The example is purposely minimal but the functions can receive values and return
arguments. The former will be returned by the call to `invoke`, the latter must
be passed to the same function after the reference to `this` instead.<br/>
As for `invoke`, this is a name that is injected into the _concept_ through
`Base`, from which one must necessarily inherit. Since it's also a dependent
name, the `this-> template` form is unfortunately necessary due to the rules of
the language. However, there exists also an alternative that goes through an
external call:

```cpp
template<typename Base>
struct Drawable: Base {
    void draw() { entt::poly_call<0>(*this); }
};
```

Once the _concept_ is defined, users need to specialize a template variable to
tell the system how any type can satisfy its requirements:

```cpp
template<typename Type>
inline constexpr auto entt::poly_impl<Drawable, Type> = entt::value_list<&Type::draw>{};
```

In this case, it's stated that the `draw` method of a generic type will be
enough to satisfy the requirements of the `Drawable` concept.<br/>
The `poly_impl` variable template can be specialized in a generic way as in the
example above, or for a specific type where this satisfies the requirements
differently.

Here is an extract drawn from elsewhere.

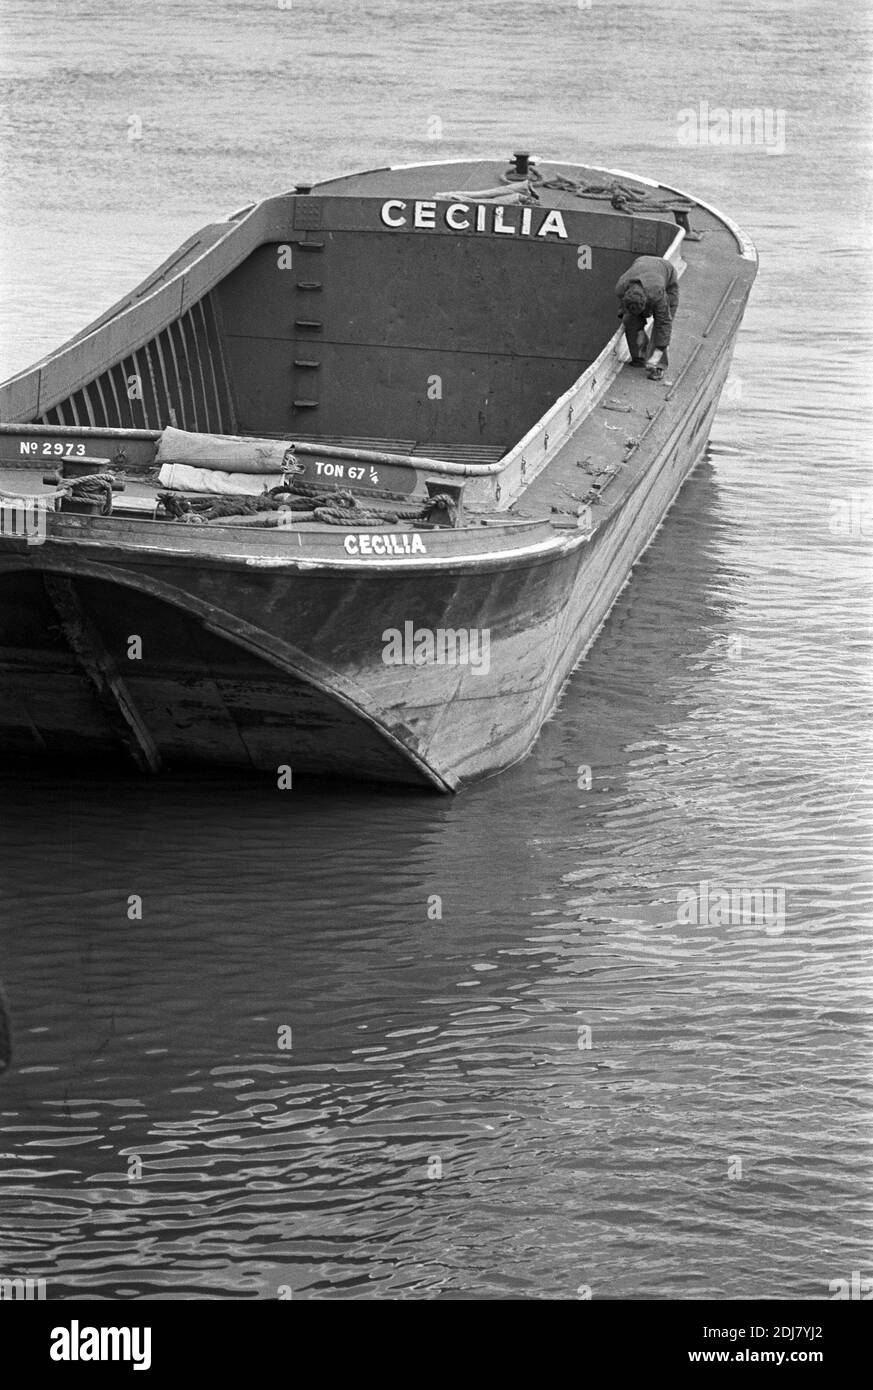 UK, London, Docklands, Isle of Dogs, River Thames, early 1974.'Cecilia' River Thames lighter or cargo, enginless, barge. Steel hull riveted sections. Stock Photo
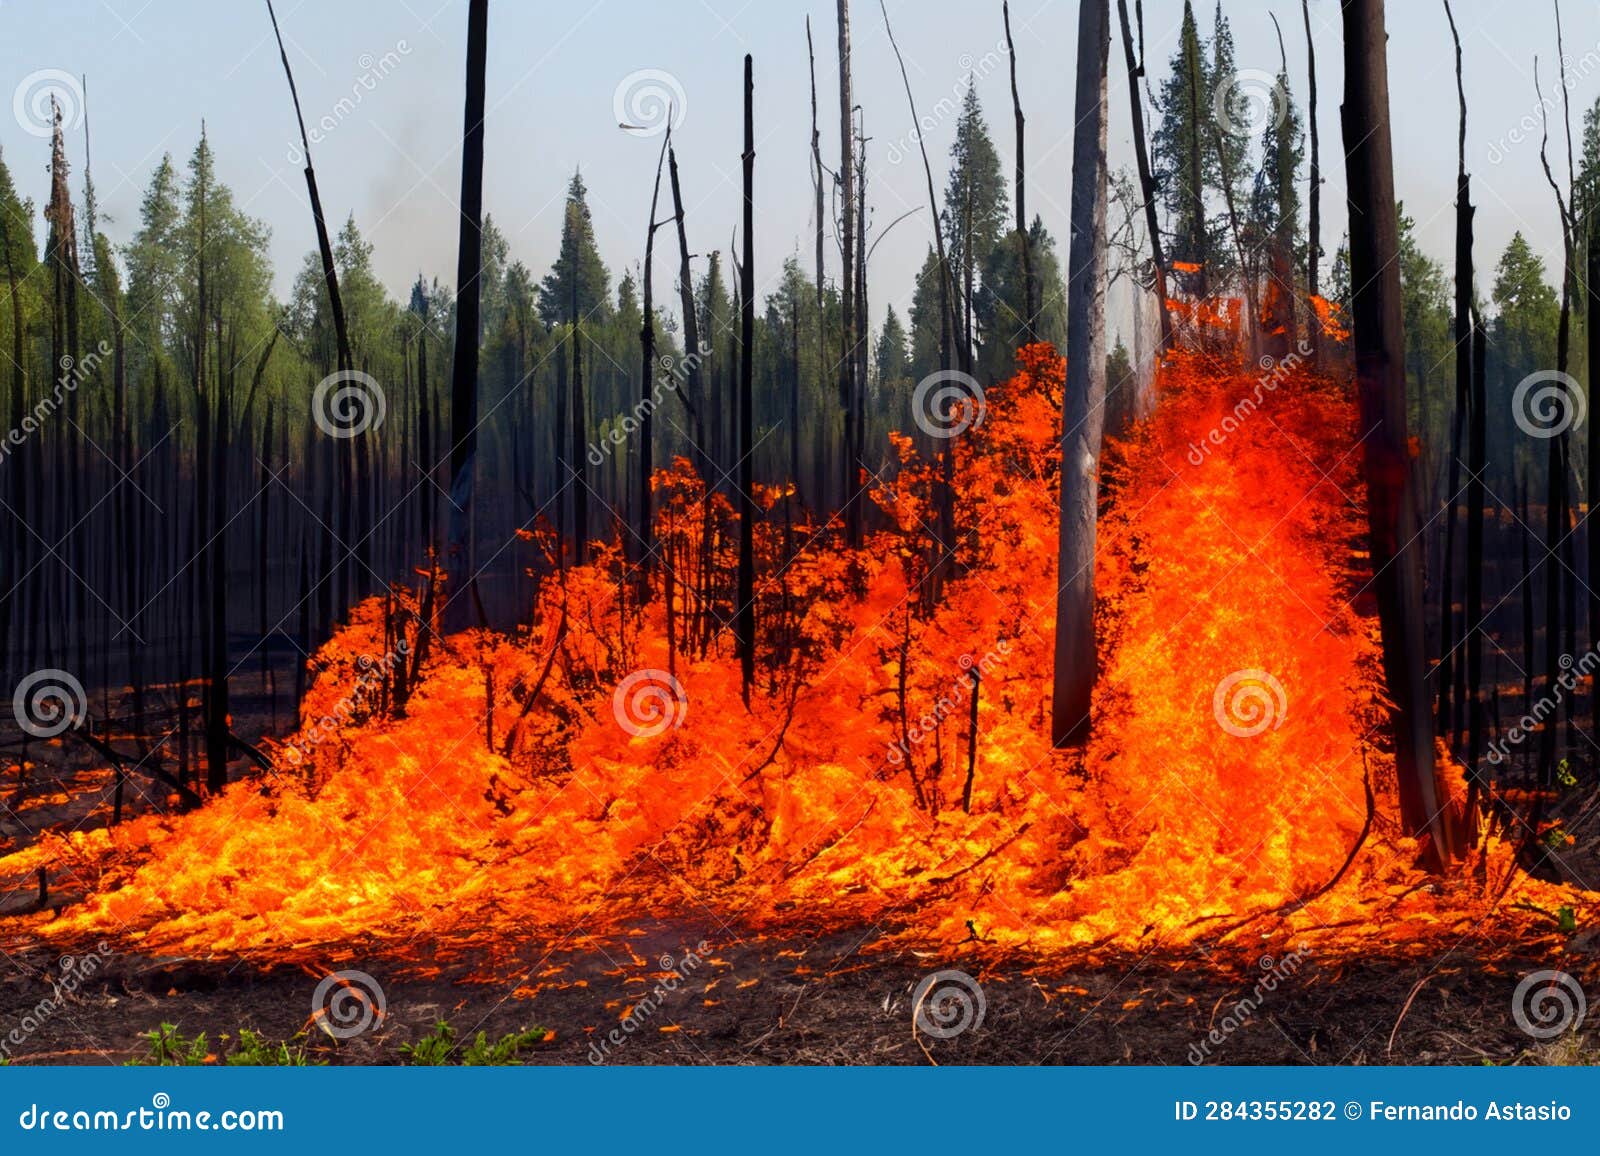 forest fire. forest fire in progress. wildfire. large flames of forest fire. incendio forestal. canada

Moreover, it's easy to specialize it for families of types:

```cpp
template<typename Type>
inline constexpr auto entt::poly_impl<Drawable, std::vector<Type>> = entt::value_list<&std::vector<Type>::size>{};
```

Finally, an implementation doesn't have to consist of just member functions.
Free functions are an alternative to fill any gaps in the interface of a type:

```cpp
template<typename Type>
void print(Type &self) { self.print(); }

template<typename Type>
inline constexpr auto entt::poly_impl<Drawable, Type> = entt::value_list<&print<Type>>{};
```

Refer to the variable template definition for more details.

# Static polymorphism in the wild

Once the _concept_ and implementation have been introduced, it will be possible
to use the `poly` class template to contain instances that meet the
requirements:

```cpp
using drawable = entt::poly<Drawable>;

struct circle {
    void draw() { /* ... */ }
};

struct square {
    void draw() { /* ... */ }
};

// ...

drawable d{circle{}};
d.draw();

d = square{};
d.draw();
```

The `poly` class template offers a wide range of constructors, from the default
one (which will return an uninitialized `poly` object) to the copy and move
constructor, as well as the ability to create objects in-place.<br/>
Among others, there is a constructor that allows users to wrap unmanaged objects
in a `poly` instance:

```cpp
circle c;
drawable d{std::ref(c)};
```

In this case, although the interface of the `poly` object doesn't change, it
won't construct any element or take care of destroying the referenced object.